Representatives of BT’s EE, CK Hutchison’s Three UK and Vodafone carried on a brief, though distorted, video conversation with Ryan Ding, president of the Chinese vendor’s carrier business group.
Ding and colleagues from Huawei were previewing some of the announcements the company expects to make in Barcelona next week at Mobile World Congress (MWC).
Huawei has commercial contracts for 5G network equipment with 18 European operators, nine in the Middle East and three in Asia-Pacific, said Ding, who is also executive director of Huawei’s board.
His list did not include anywhere in the Americas, north, central or south. Canada will not have 5G spectrum until the first quarter of 2020, he said after his main presentation. “We have a number of partnerships with major operators in Canada regarding 5G. We are busy preparing for 5G delivery once 5G licences are released.”
But, he warned: “The world is a dynamic world and I cannot predict.”
That might be wise. The government of Canada has expressed security worries about using Chinese equipment in the country’s telecoms networks – though executives from at least two of them, Bell Canada and Telus, have voiced their support of Huawei.
Capacity asked why Telefónica’s O2 UK network was not included in the 5G video call along with EE, Three UK and Vodafone? “The demonstration was based on the live networks we have deployed in the UK and these are the three live networks,” said Ding.
Meanwhile Ding suggested that adverse publicity about Huawei over the past few months might be working to its advantage. He accepted that “there is some impact in some countries, but not in 95% of markets. On the contrary in other markets Huawei is known by more companies and more customers.”

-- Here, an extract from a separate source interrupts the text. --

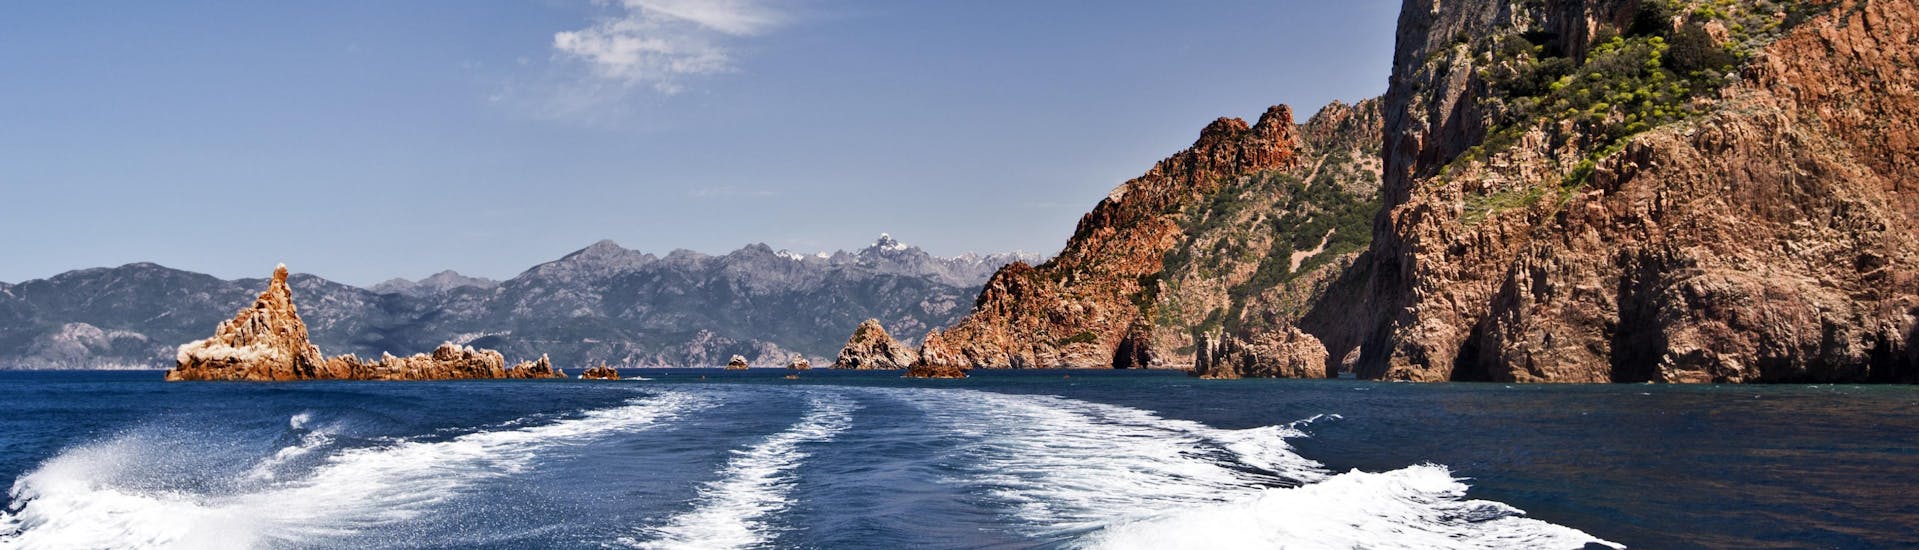 Vue de l'arrière d'un bateau lors d'une balade en bateau vers l'impressionnant Capo Rosso sur la côte ouest de la Corse.

In other words, there is no such thing as bad publicity.
“Because of the security pressure, Huawei is ever more motivated to make improvements in its products,” he said. This year we will make even bigger R&D investments to make our products better.”
Ding used to be head of R&D in the company, taking spending from 11-12% of revenue to 15%. “I believe the R&D investment rate will continue to increase.
Peng Song, who works in marketing for the same group in Huawei, said the company spent €11.3 billion in R&D in 2018. “This ranks us number five in the world [across all sectors] and we spend more than all the other telecoms providers combined.”
Ding said that the technology used for 5G will reduce the cost per bit “by 80-90%” compared with 4G.